Three fatal crashes. Three victims. Three families grieving.

And one other similarity. One that has ensured these tragedies have made headlines and caught the attention of automotive and technology experts around the world.

All three crashes involved a vehicle that was either driverless or in self-driving mode.

These tragic crashes have brought into sharp focus the safety risks of vehicles that do not have a human driver actively monitoring the environment or reacting accordingly. Although in some of the cases the full circumstances surrounding the collision remains uncertain.

The safety of driverless cars is an issue that is worrying those in the industry. Although in these cases is a key priority for Coventry University’s Institute of Future Transport and Cities (FTC).

“These deaths have highlighted people’s fears about driverless cars. This technology is being pushed out very quickly, but we have to slow down and be sensible – it has to be safe,” said Professor Andrew Parkes, the centre’s Academic Director.

“There’s a lot of important work going on in the UK on this topic – and we’re involved in some huge collaborative projects and developing test facilities.

“Far too many people are too optimistic about these systems. We have to make sure they are tested rigorously and there are proper regulations to control them.”

One of the major problems regarding the safety of autonomous cars is the number of different situations vehicles may encounter during even just a short drive.

“There are an almost infinite number of scenarios that can happen when you’re driving. A child could run out into the road; a sudden rain shower could transform driving conditions – anything can happen,” says Dr Stratis Kanarachos, a reader in dynamics and structures at FTC.

“In order to make autonomous vehicles safe, the number of scenarios we have to test is enormous. Real life testing of all of them is just not possible.

“We have to reduce this number of scenarios and we have to bring together advanced mathematical modelling and real-world data to ensure that these automated vehicles are safer than if humans were driving them. We’re using systems engineering to facilitate this.”

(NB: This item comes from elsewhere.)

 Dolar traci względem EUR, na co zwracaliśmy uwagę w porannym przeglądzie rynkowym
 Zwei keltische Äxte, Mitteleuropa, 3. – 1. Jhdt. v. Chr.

The research team working on one particular project – known as Trusted Intelligent Connected Autonomous Vehicle (TIC-IT) – hope their way of deriving and modelling these scenarios and testing through a combination of test track trials and simulation will become an international standard.

“There will be an international impact to this work,” adds Dr Kanarachos, “and once we have these simulated models of how automated vehicles act in particular scenarios, we will be able to build further trust in their operation.”

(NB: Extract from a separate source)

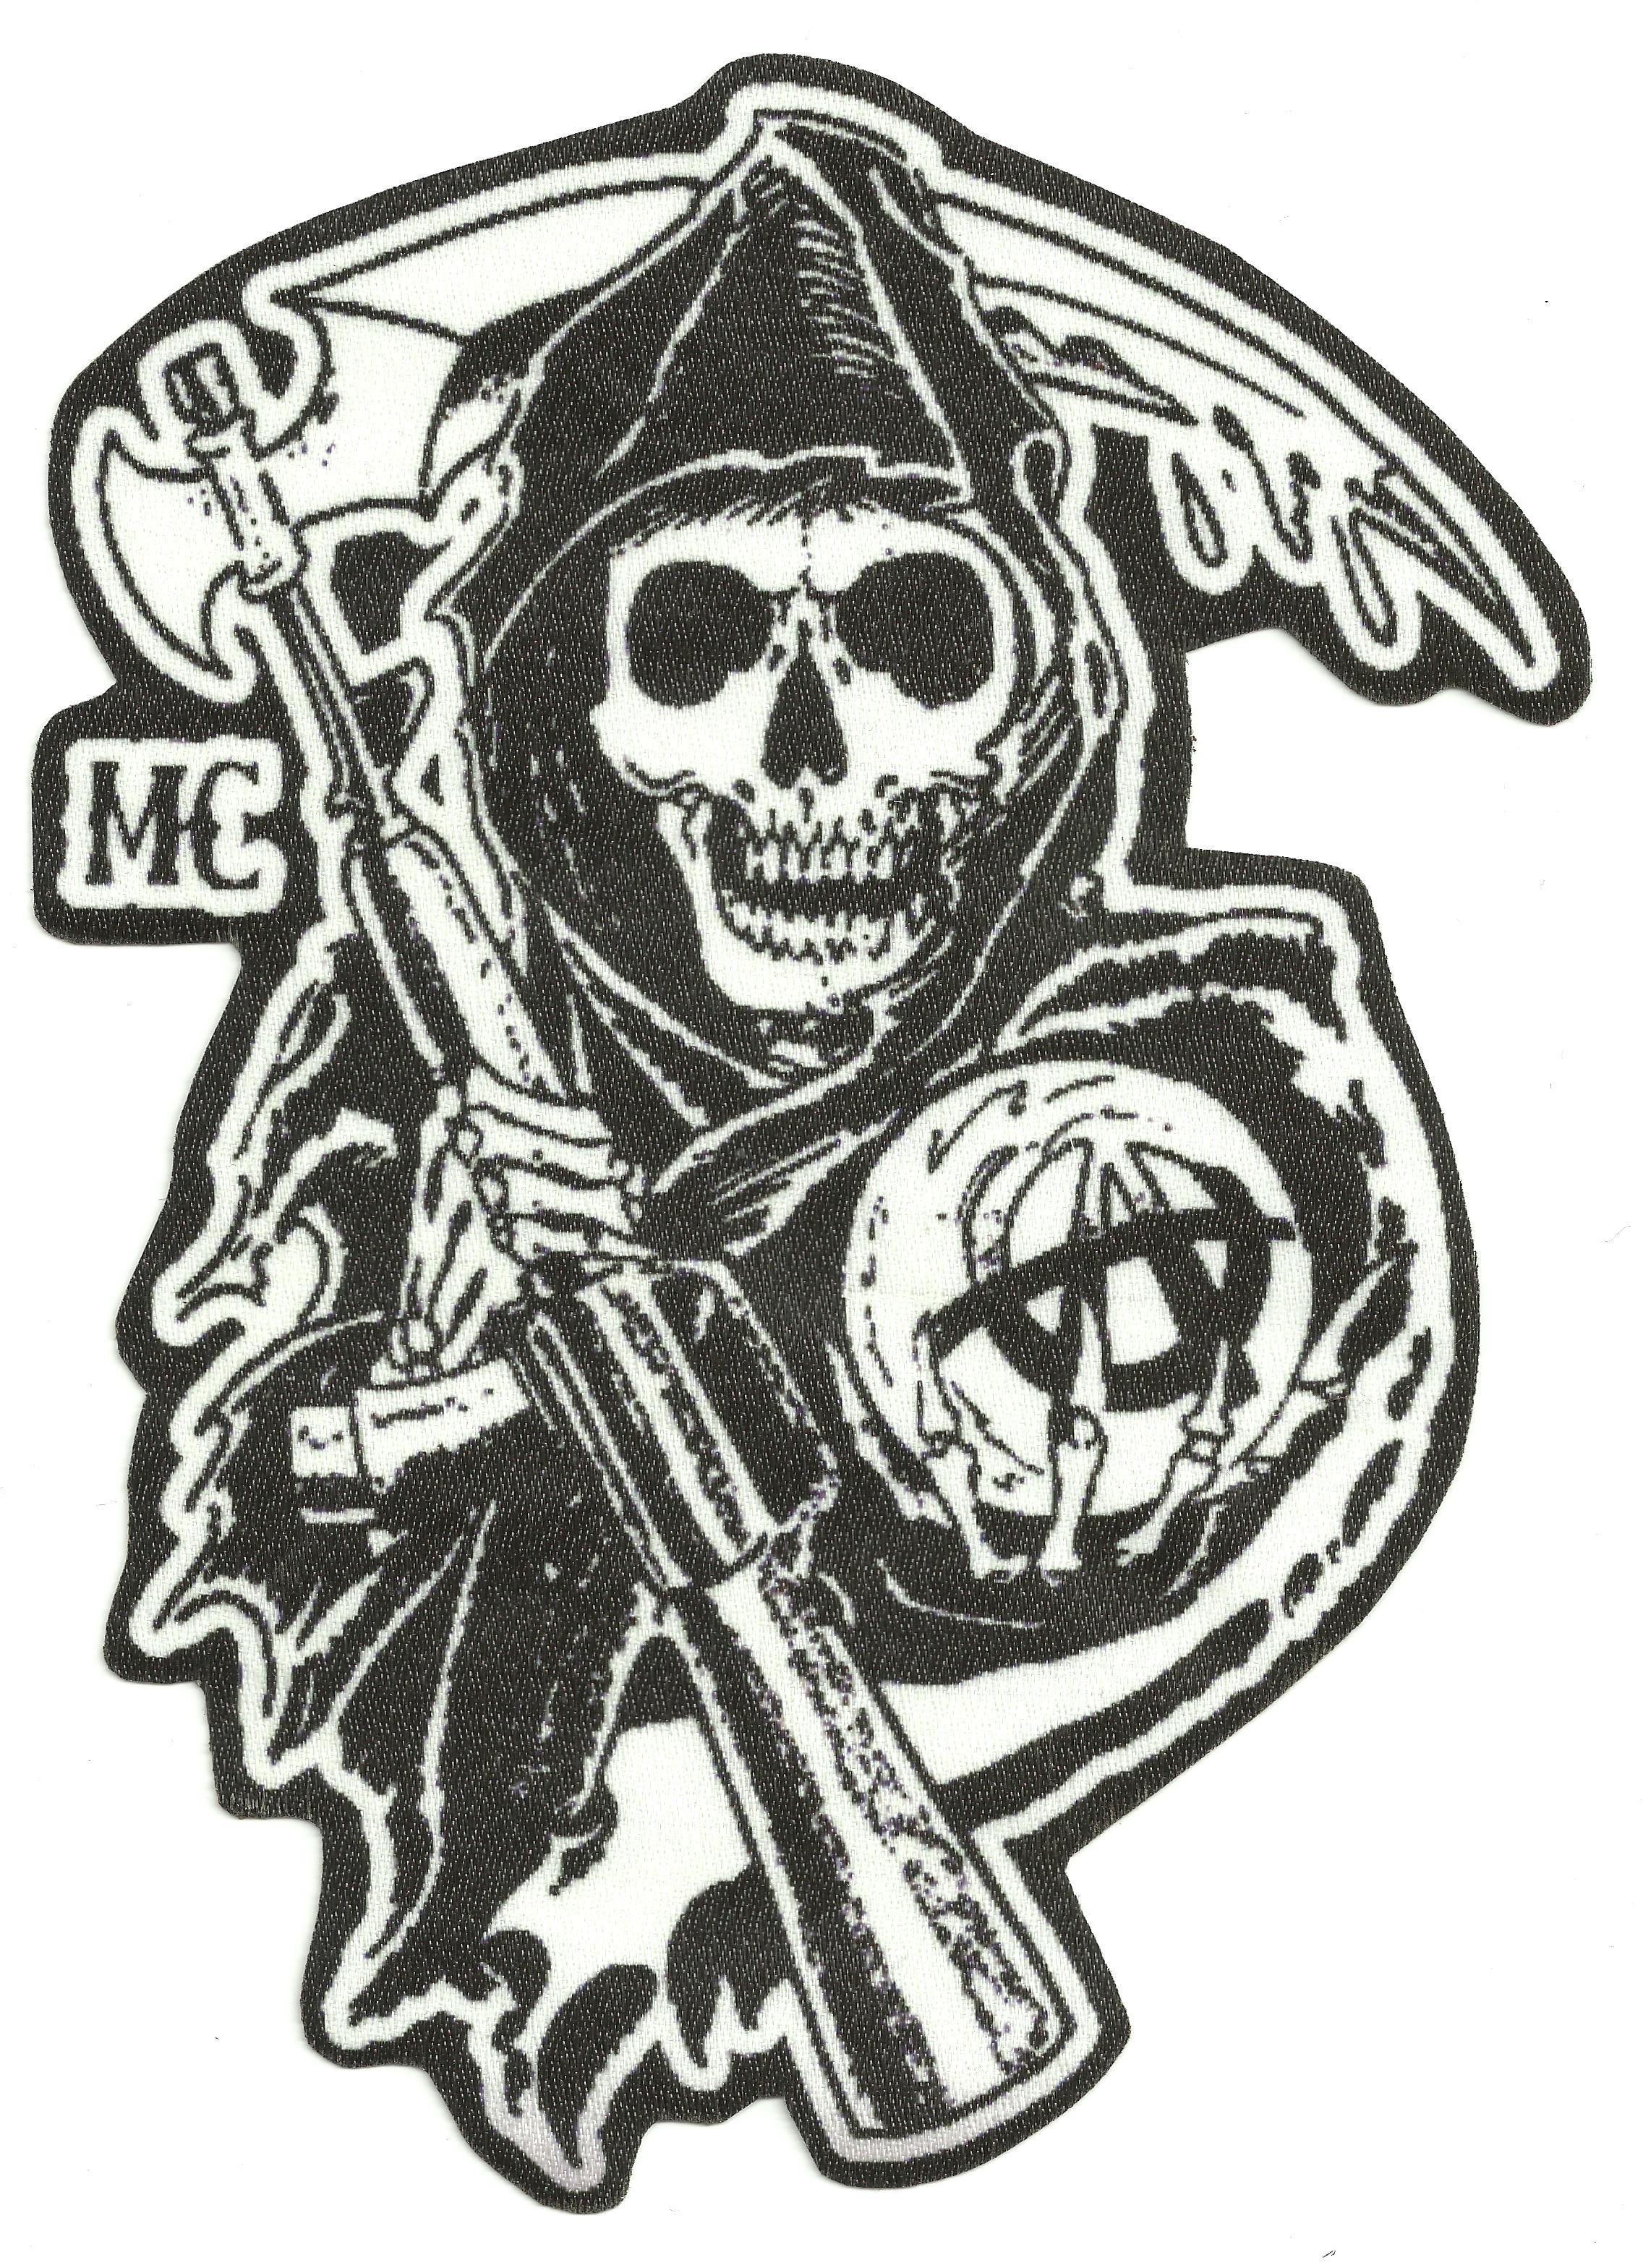 sons of anarchy patch en vente eBay

The TIC-IT consortium is being led by HORIBA MIRA, in partnership with Coventry University, and was announced by the government in October last year and started research in January.

It will include the UK’s first new high speed driverless car testing track which is planned for HORIBA MIRA’s proving ground, near Nuneaton.

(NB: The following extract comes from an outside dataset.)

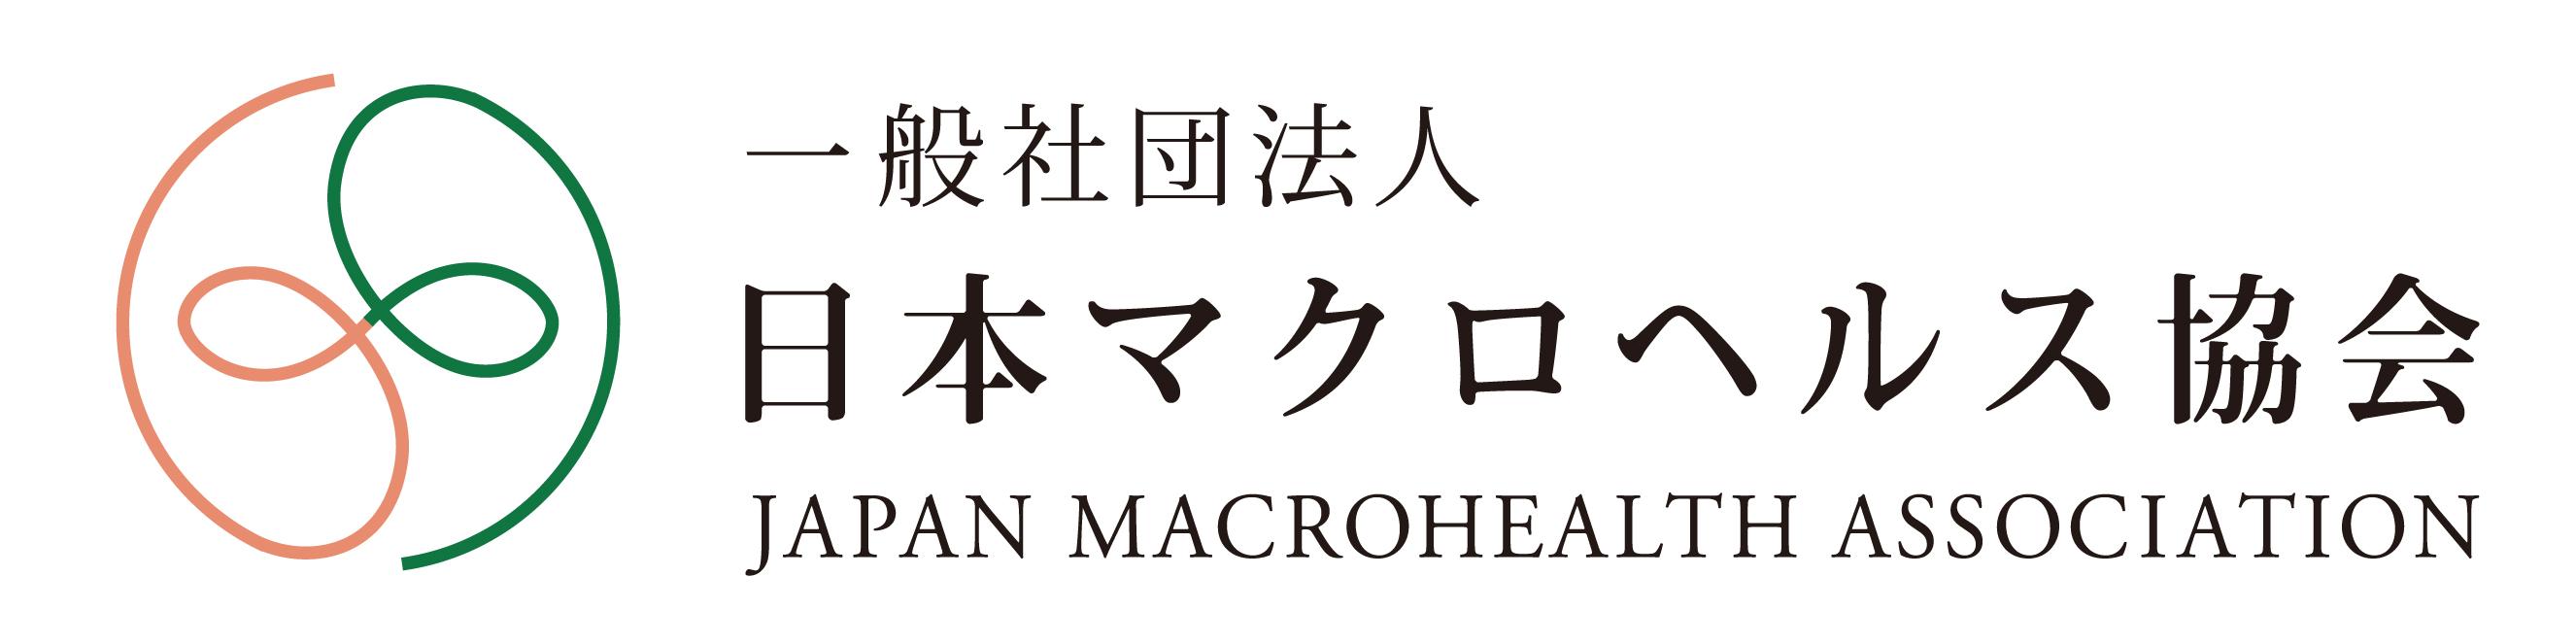 一般社団法人 日本マクロヘルス協会

Another FTC project involves a Digital CAV Proving Ground that will give researchers – collaborating with automotive companies – the opportunity to test how different vehicle subsystems interact and respond to particular scenarios.

It means they can assess the hardware of an autonomous vehicle but in a simulated environment.

The key is to identify quickly the cases in which the vehicle subsystems fail or malfunction before they are implemented on a vehicle and hit the road.

”We can look at the performance of the system when driving at night or how the vehicle adjusts the driving if there’s a sudden change in the weather conditions, or the road quality, “ adds Dr Kanarachos.

“With your normal car, the assumption is that the driver is in control. In an automated car, that’s not the case. The safety of the vehicle has to be tested and regulated even further.

“The problem with automated driving is that it’s based on artificial intelligence, and in every way we have to test how it will behave in unforeseen scenarios. Artificial Intelligence is heavily dependent on the data used during the training phase. Due to the fact that there are no prescribed rules to follow the AI behaviour to a certain extent is unpredictable.”

The fact that Coventry has access to this testing system and is involved in this major project means the university is a world leader in this field.

There are already some cars on the road with low levels of automation for driving at low speeds or in traffic congestion.

There’s even been a test of driverless vehicles on city centre streets in Coventry, right through the middle of the university campus – although there were drivers in the cars to take over control if necessary.

But there are still a lot of complex issues to explore and agreements needed on safety regulations.

“This is an opportunity for us as a university, our partners and the UK to make a difference in the safety of how these vehicles are rolled out,” adds Dr Kanarachos.

“Over the next few years there will be a lot of developments in this field, and we’ll be at the heart of it.”